The writers she follows in South Towards Home, she writes, “are the ones who spoke to me most insistently as I tried to figure out what it meant to be from the South, to answer that echoing question, What is it about this place, exactly?” The best writing about and of the South is that which practices “a kind of controlled destruction, constantly replacing the idea of the place with the concrete details of it.”

“Writing about Harper Lee was hard for obvious reasons,” she says on the patio outside of King Tai.
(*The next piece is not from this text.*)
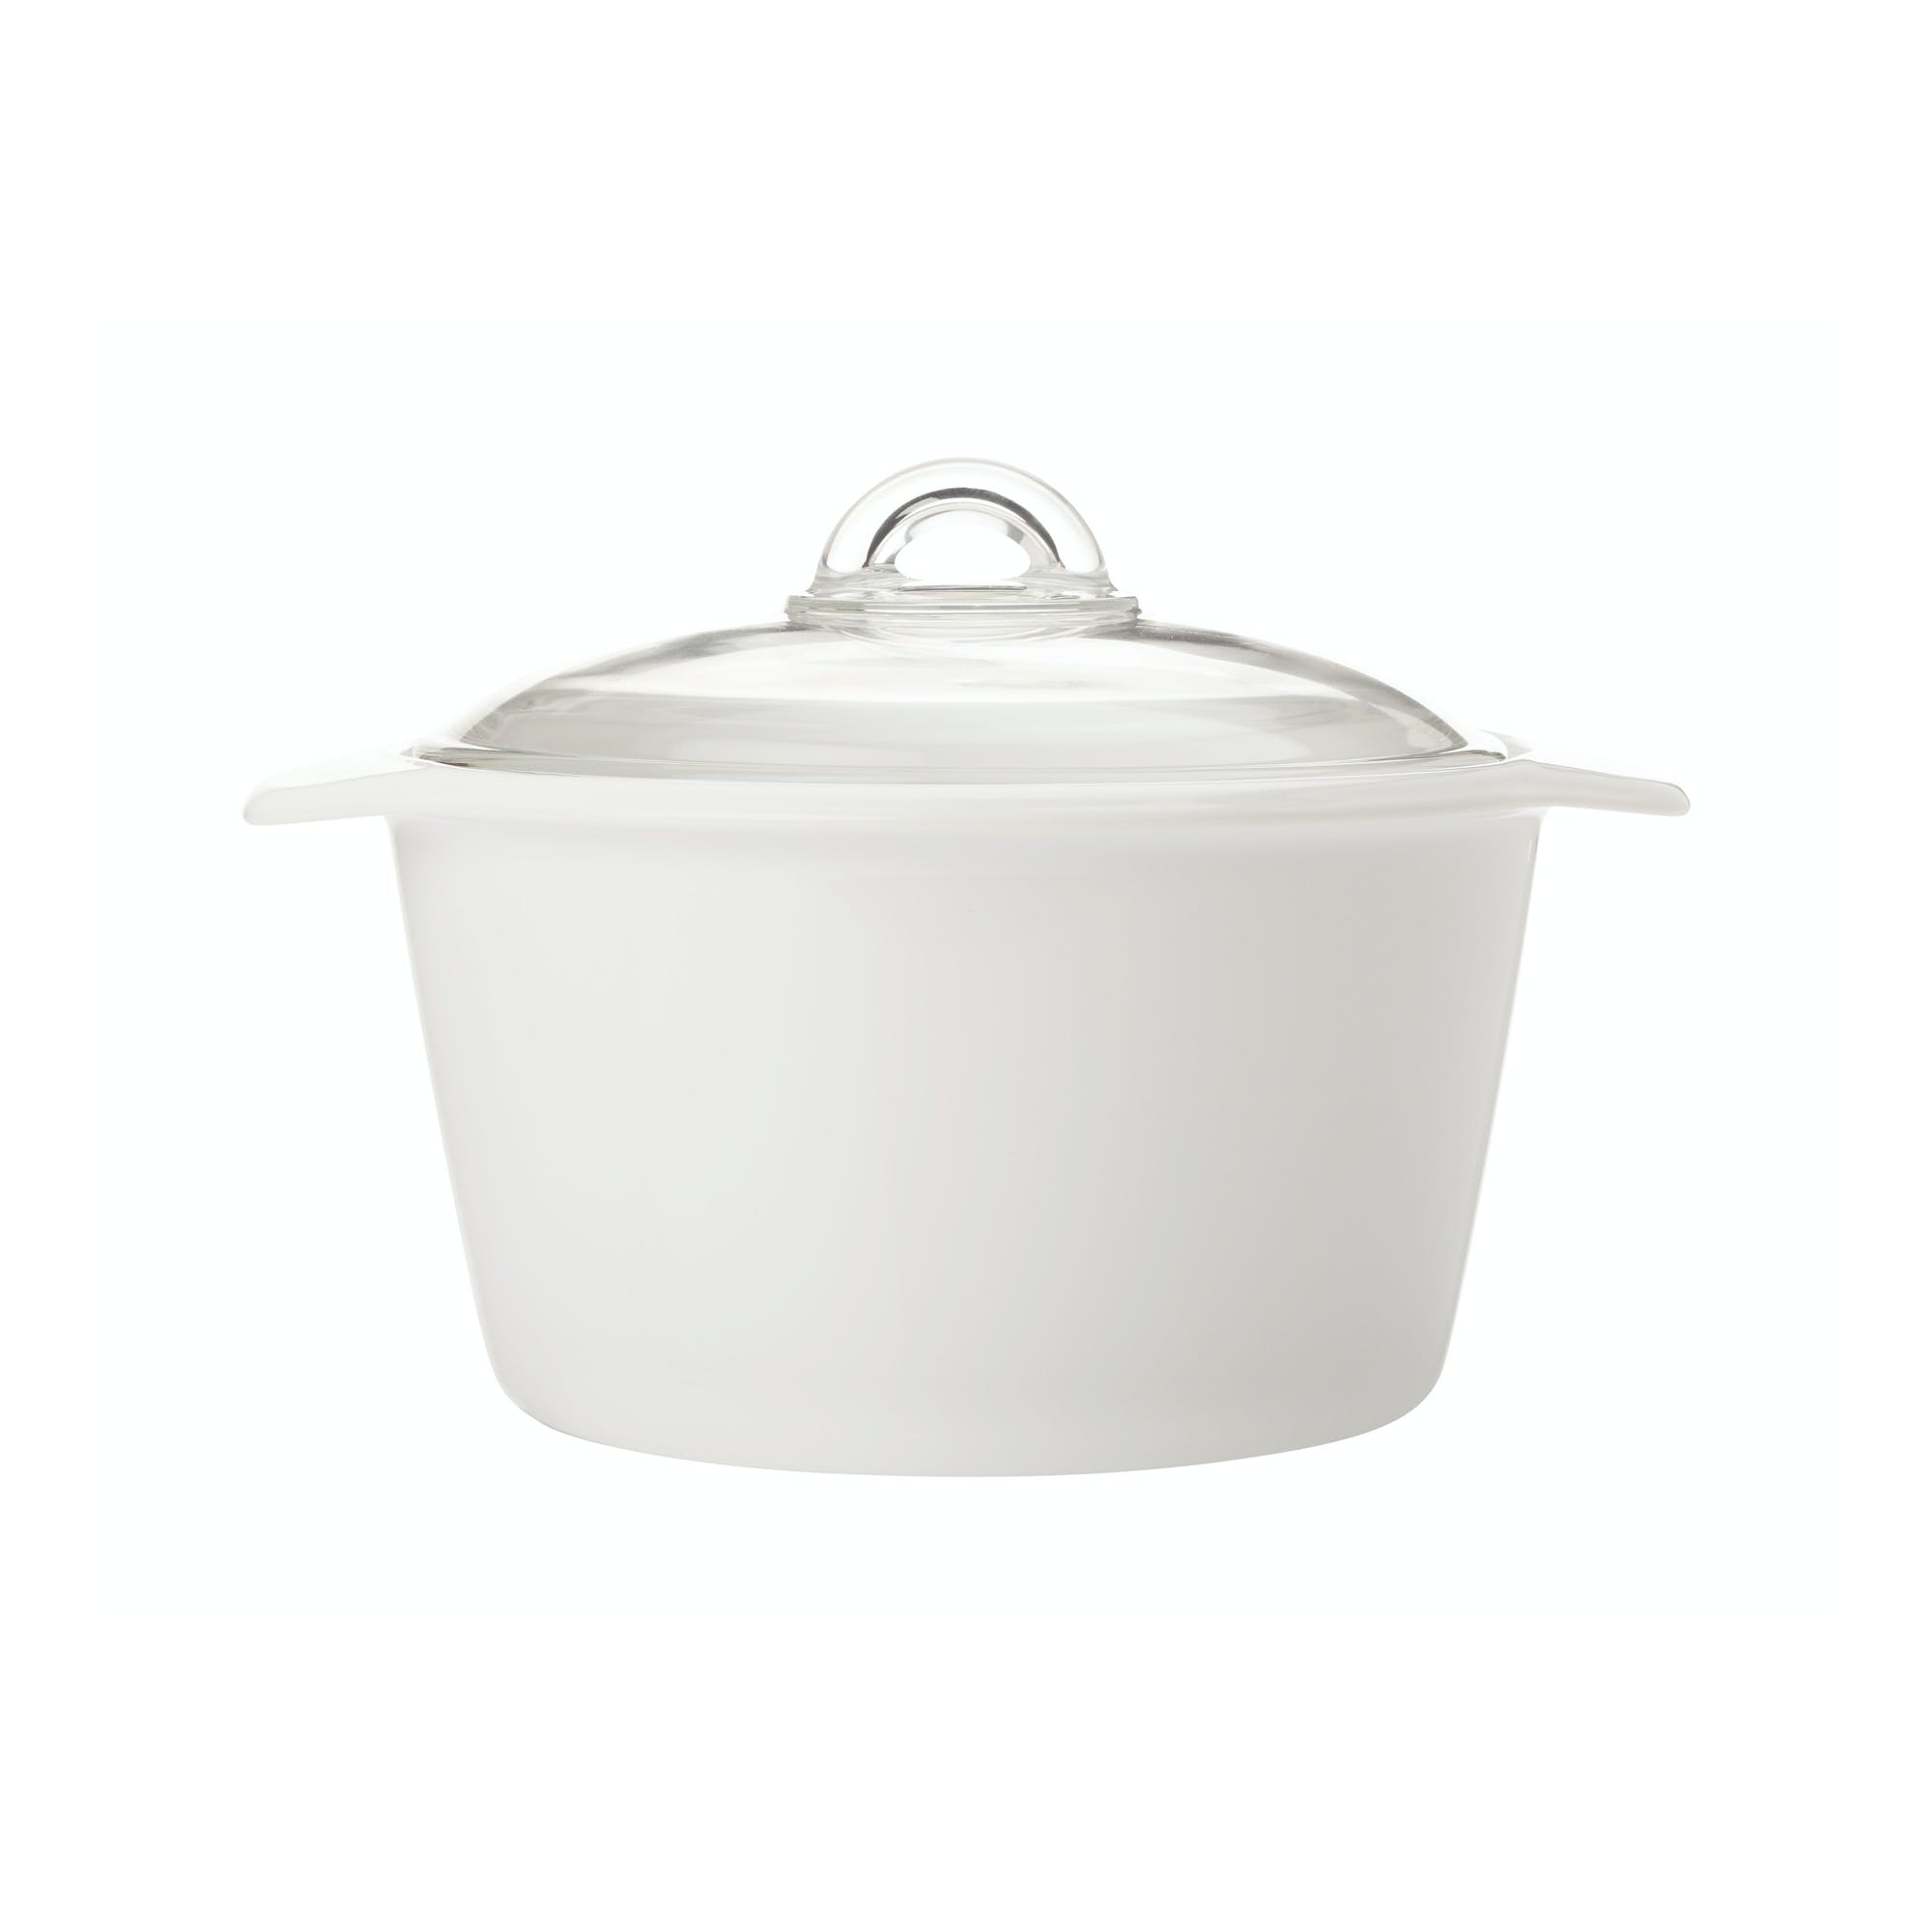 Maxwell & Williams Vitromax 5 Litre Round Casserole Dish with Lid White - The Cooks Cupboard Ltd

While the only living writer Eby chose to write about, Lee is about as easy to contact as the dead. (Eby was lucky to find herself a medium—a friend of Lee’s—but was still only able to get as far as Lee’s nursing home door, where she left a foil-wrapped chocolate rabbit.) “It’s also hard to write something new about Faulkner,” she adds.

“Wright was hard in a different way,” Eby explains. “His story of place is a story of absences. It’s astonishing that there’s so little there.” There are very few black writers’ homes in the United States, she says, and none for Wright either in Mississippi, where he was born; or Chicago, where he wrote his first novel; or France, where he lived out the rest of his life in exile. By all rights, Wright should have a passel of preserved homes as thick as Edgar Allan Poe’s. “It made me think of all the people who didn’t get a chance,” like Wright, “to leave the South and write,” Eby says.

Her book title references native Mississippian Willie Morris’s memoir, North Towards Home, which chronicles how the writer and Harpers editor left Mississippi and then Texas for a life in New York. “Reading fiction is always the way I’ve oriented myself in a place,” Eby says. “It informed my life as a teenager in the South, as an adult in Brooklyn. It’s a way to navigate.”

Fiction, she says, “is more than a physical map, but it has that map imbedded in it.” Even as she navigated the real-world spaces where these writers—from Faulkner to Wright to O’Connor—Eby “felt like a place becomes a setting and people, characters.” Certainly Don Haselden (his neck full of metal pins and a trick-performing mule out back) is worthy of a great work of fiction, not because his story is exceptional but because it is true. South Towards Home, as Eby puts it, is about “the way that fictional places are real and real places are fictional.”

“Maps are stories too,” she says. It’s a good time to point out the lovely, and lovingly reproduced, map of Yoknapatawpha, the fictional Mississippi county based on Faulkner’s home of Lafayette, tattooed on Eby’s arm. It was a gift to herself, a mile marker, after she submitted the manuscript of South Towards Home. “It seemed like it would never actually happen,” she said. It meant that, “finally, what I was doing wasn’t avoiding writing my book.”

She majored in urban studies as well as literature in undergrad, and her lingering attachment to maps shows both on her sleeve and in her book. “Maps are there because people made them,” she says. They don’t just happen. But maps are also lies. “Useful lies,” she says, “we need them. Fiction is just another system of navigation. Both are equally metaphorical.”